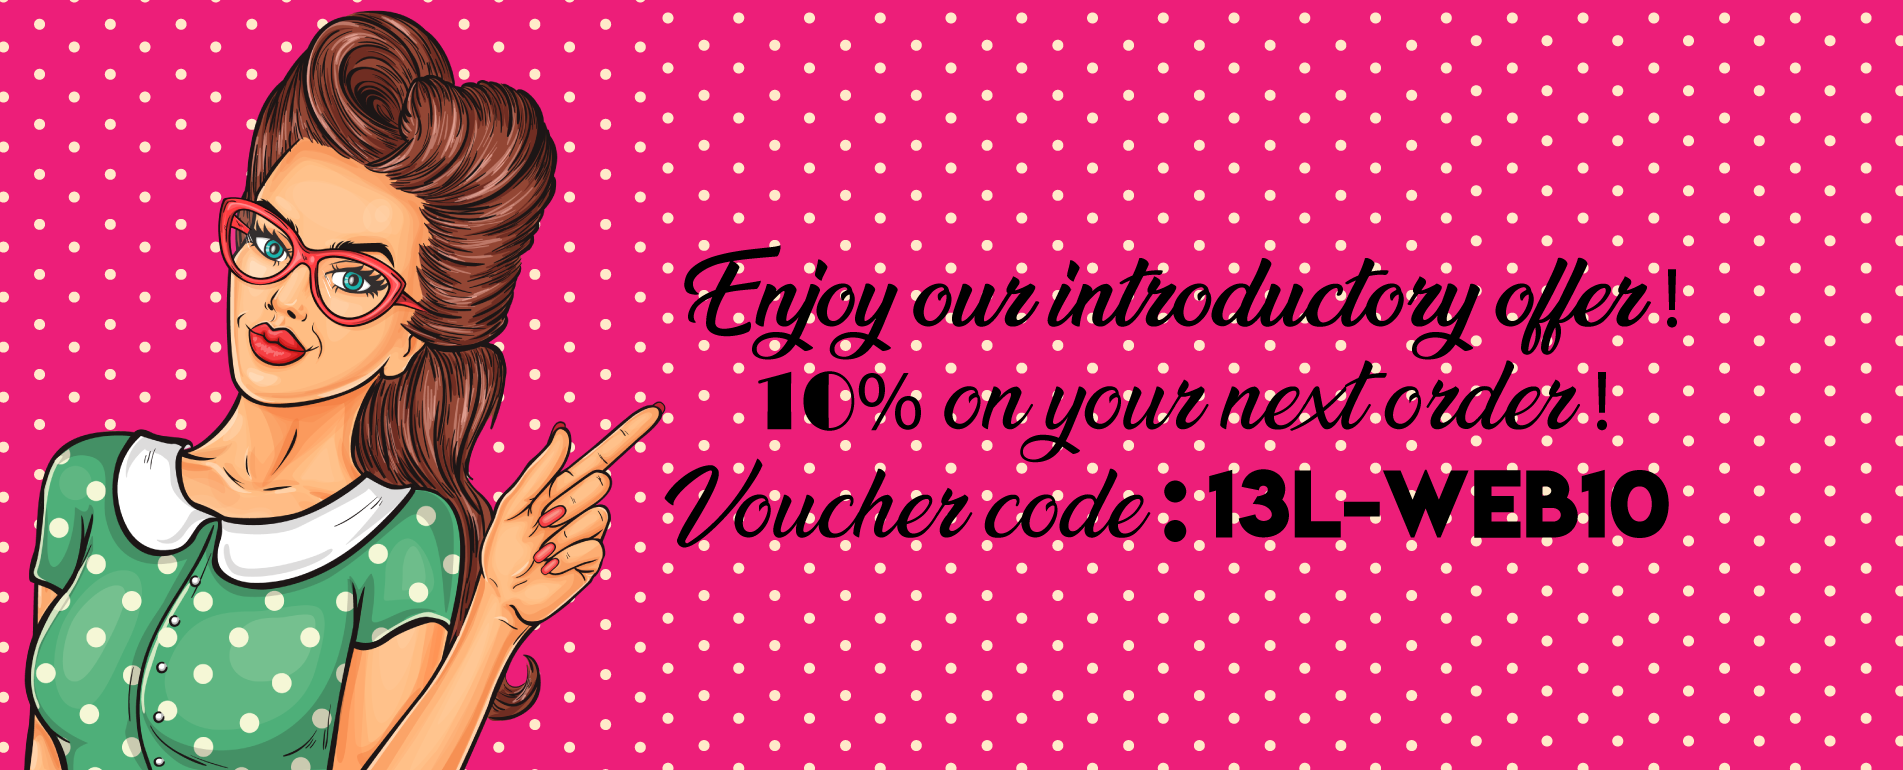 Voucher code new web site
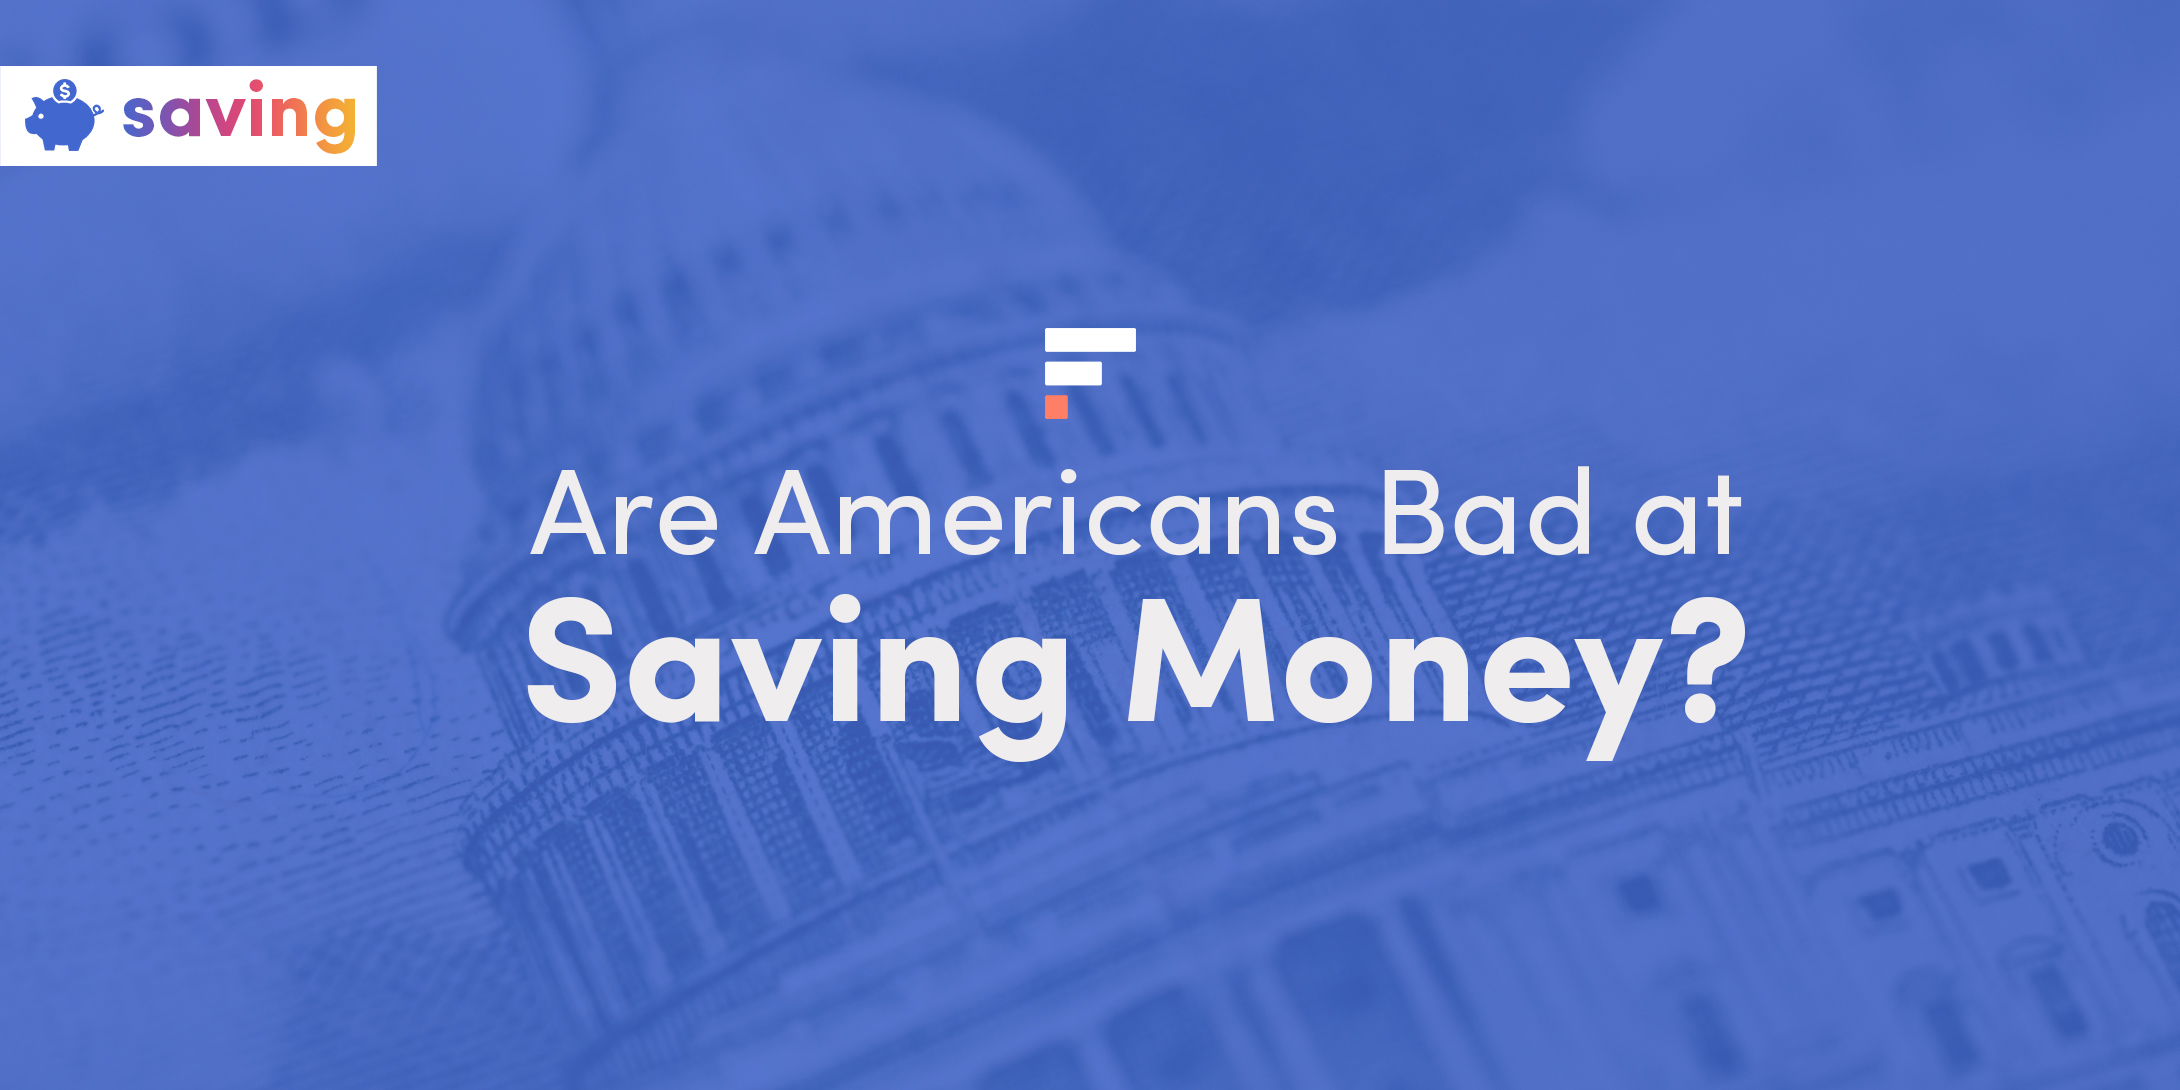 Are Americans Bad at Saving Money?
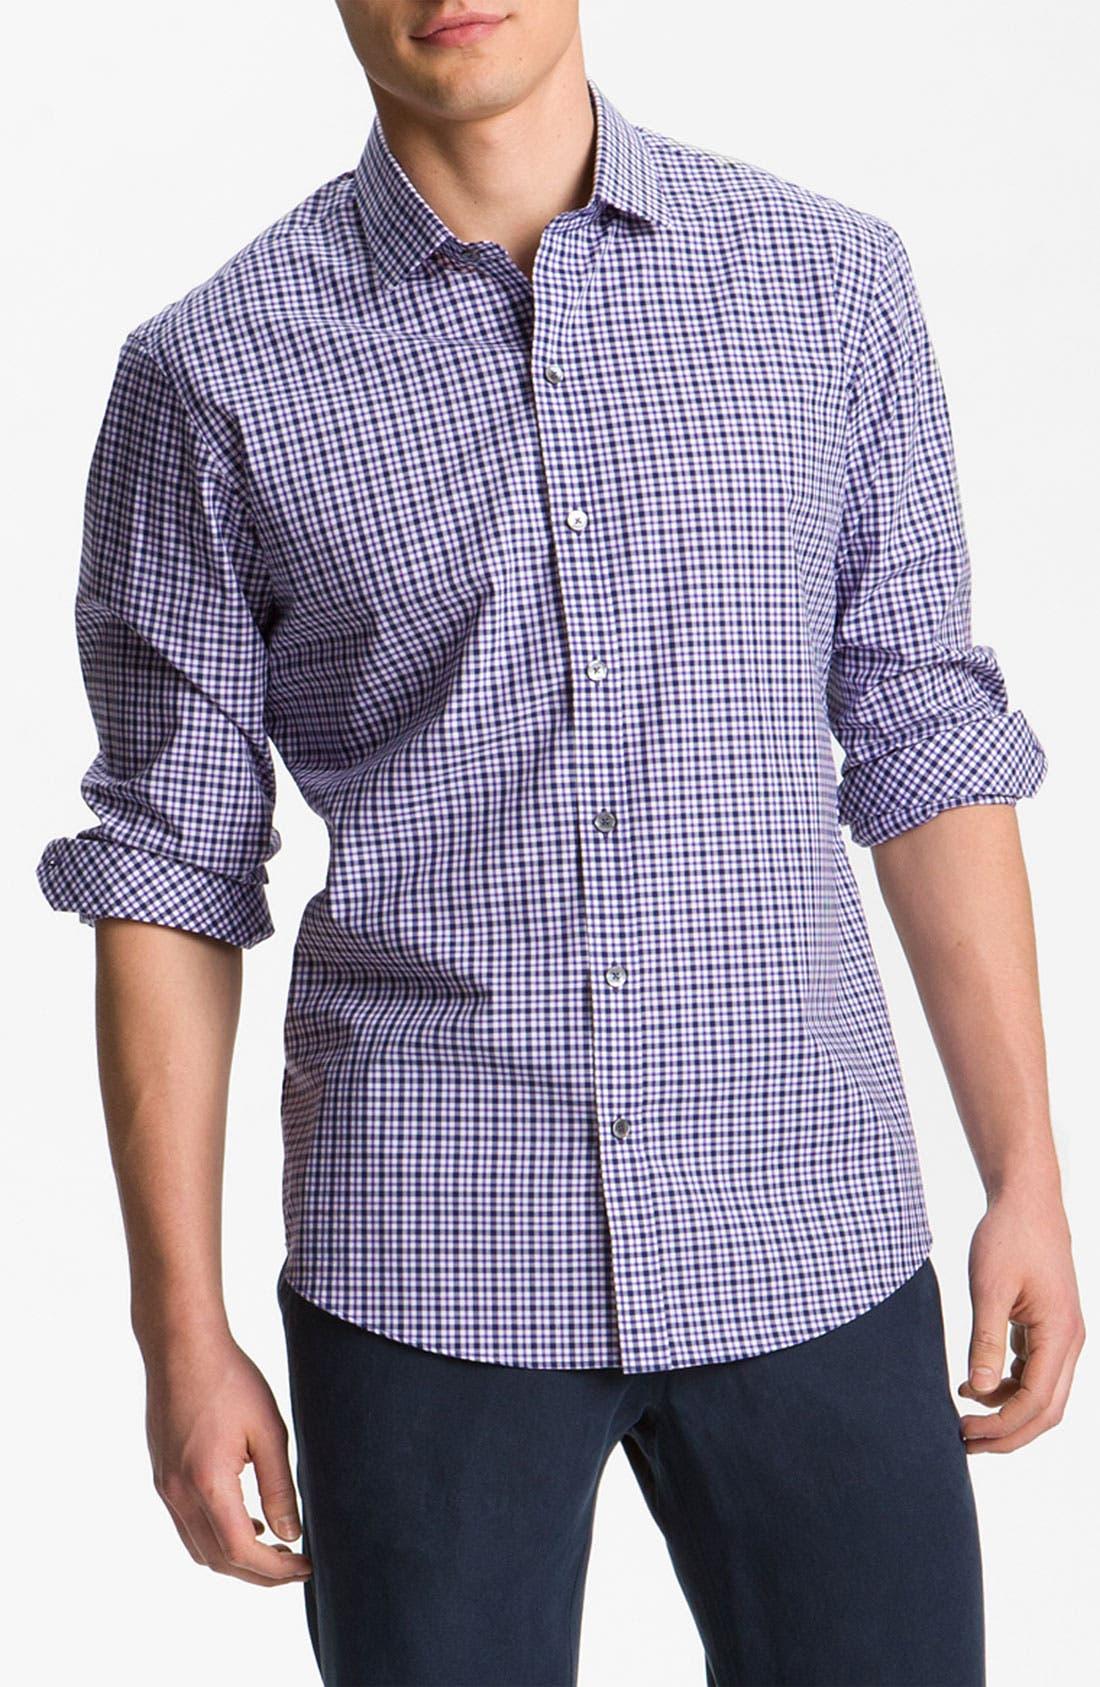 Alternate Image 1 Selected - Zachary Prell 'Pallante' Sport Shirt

• What is required: Each line above is to be repeated exactly as written; no picture is carried over.

• Written response:
 Voucher code new web site
 Are Americans Bad at Saving Money?
 Alternate Image 1 Selected - Zachary Prell 'Pallante' Sport Shirt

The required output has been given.